July 5th, 2007 at 7:27 am
I think Robert Samuelson is right that an increased savings rate would be a huge drag on the economy. If all of that money that was being used to buy consumer goods that kept so many companies in business and people in jobs suddenly disappeared, there would be a contraction.
That is only a short term outlook though, its not as if the wheels will come off if American’s stop spending. If people become more interested in Certificates of Deposit than Compact Discs, the makeup of business and industry will change as a response (much to the chagrin of the Chinese), but it will take time.
July 5th, 2007 at 8:05 am
I’m honored to be mentioned on your blog, J.D.! It was some of your articles that really inspired me to get out of debt in the first place. From reading your blog and other PF blogs, I learned how and why I should turn my financial life around. Thank you for the mention, and keep up the inspirational messages.
July 5th, 2007 at 11:10 am
If consumers stop spending money they don’t have, obviously it will impact the economy in the short term. But the thing is, spending money you don’t have and going deeper and deeper into debt is not a viable course of action long term. At some point you have to pay back the money you borrowed (unless you’re the government), and the deeper you are in debt the harder it’ll be to pay back.
The economy is basically a mirror of the housing bubble. Prices were driven up artificially by looser and looser lending practices, allowing people to buy a house with 10% down, and then 5%, and then 0% and finally negative amortization. If the brakes had been applied three years ago, it would’ve “negatively affected” house prices, but it would’ve prevented the even bigger mess we’re seeing now.
The negative savings rate has artificially boosted the economy for the last couple of years, allowing it to grow faster than it would’ve in a healthy state. At some point that boil needs to be lanced, and the longer the debt is allowed to build up the uglier it will be when it drains. It comes down to whether you think it’s better to have a small decline now or a bigger decline down the road. And furthermore, who cares about “the economy”? Obviously it’s better for the retailers if we all rush out and buy stuff on credit that we’ll be paying off for years to come. But it’s not good for consumers, the ones who have to pay it off. And it’s not really good for the retailers either, because the party has to end sometime.
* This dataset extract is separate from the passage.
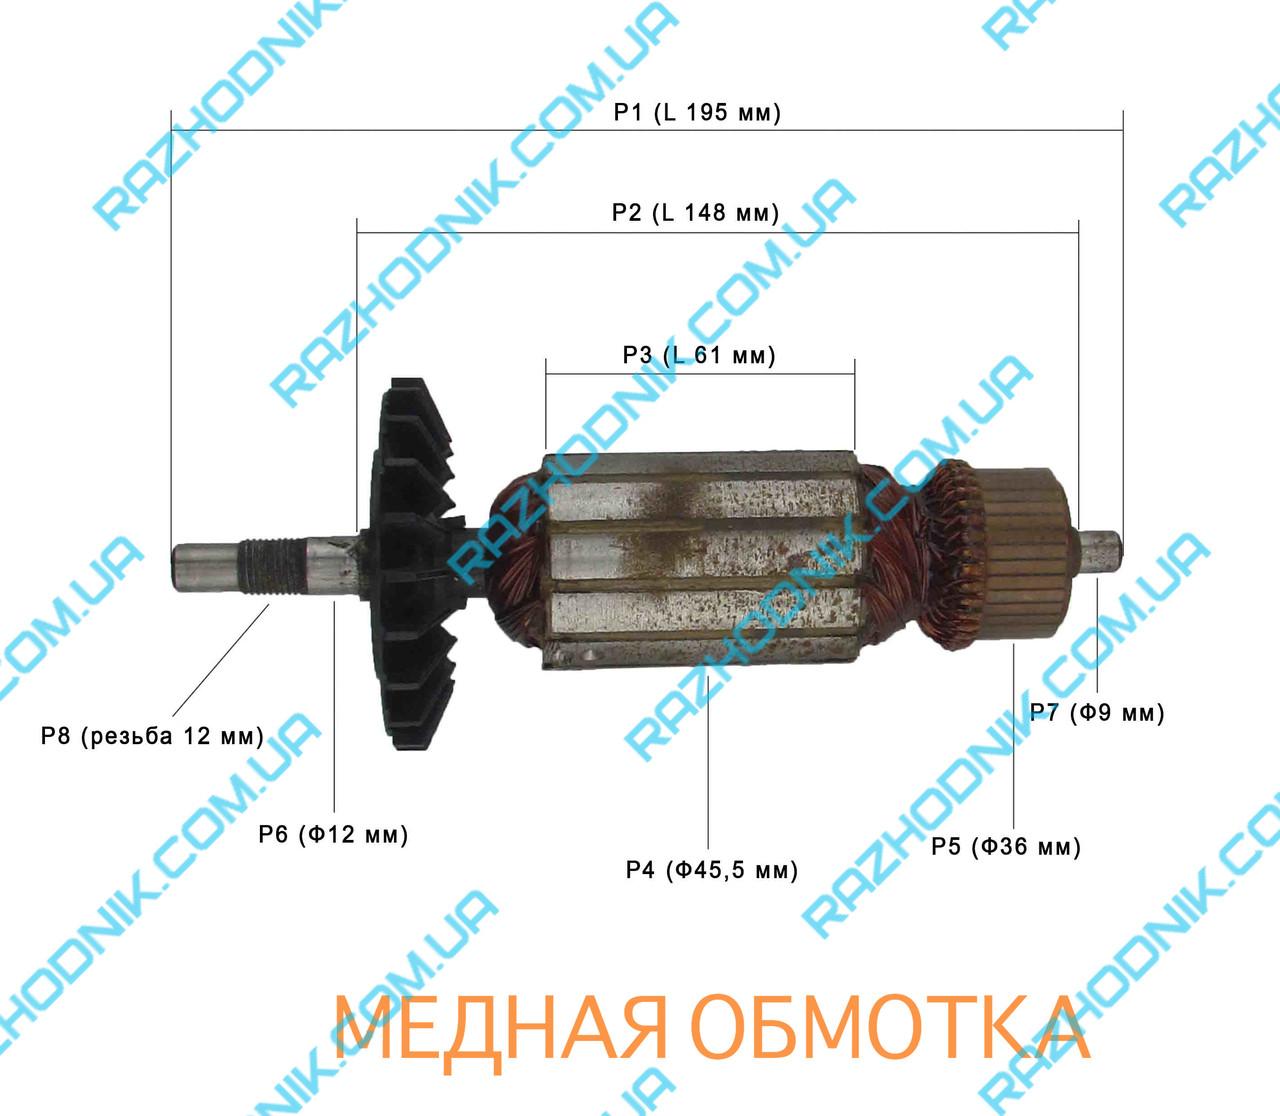 Якір на болгарку ІЖ 230 (СЕРЕДНЯ РІЗЬБА)

July 5th, 2007 at 11:50 am
Don’t laugh but I joined the army to help pay off my student loans. Even though my husband stayed behind in Oregon and we payed $100-$200 a month in long distance phone calls, I was able to save thousands while staying on base without a car for two and a half years. They paid $15k of my $18k in student loans and I was easily able to pay the rest before interest kicked in.
As far as savings is concerned, I insist on always having at least $5k in savings no matter what. Without car payments, student loans, etc, it is much easier to build a savings.
One thing I’ve never figured out is why people need large houses. I’ve lived in apartments from 600 sqft to homes just over 3000 sqft. Smaller is always best! You don’t keep as much junk, you don’t need to get more furniture, and repairs cost less because there is less. With a smaller house, I think it is easier to save money, too. Just my 1 cent…
July 5th, 2007 at 4:59 pm
I honestly believe grilling saves money over indoor cooking. Maybe not in a direct cost comparison bit in energy bills. If you use your stopve and have your air on you just drastically increased your costs. Not only are you paying for gas or electricity for the over but now you air conditioning has to run for an excessively long time to re-cool your house. At this very moment I’m asking myself why my wife is cooking in the kitchen when it is 90 degrees outside.
July 6th, 2007 at 12:35 pm
I agree with the newsweek article to a degree. If spending was to go down domestically keeping all things equal abroad, yes, the economy would suffer. However, if spending was to go down domestically and China and India increased their spending to more than compensate, then no our economy would not suffer. I don’t think this should be a fear though unless Congress were to impose much stricter constraints on lenders.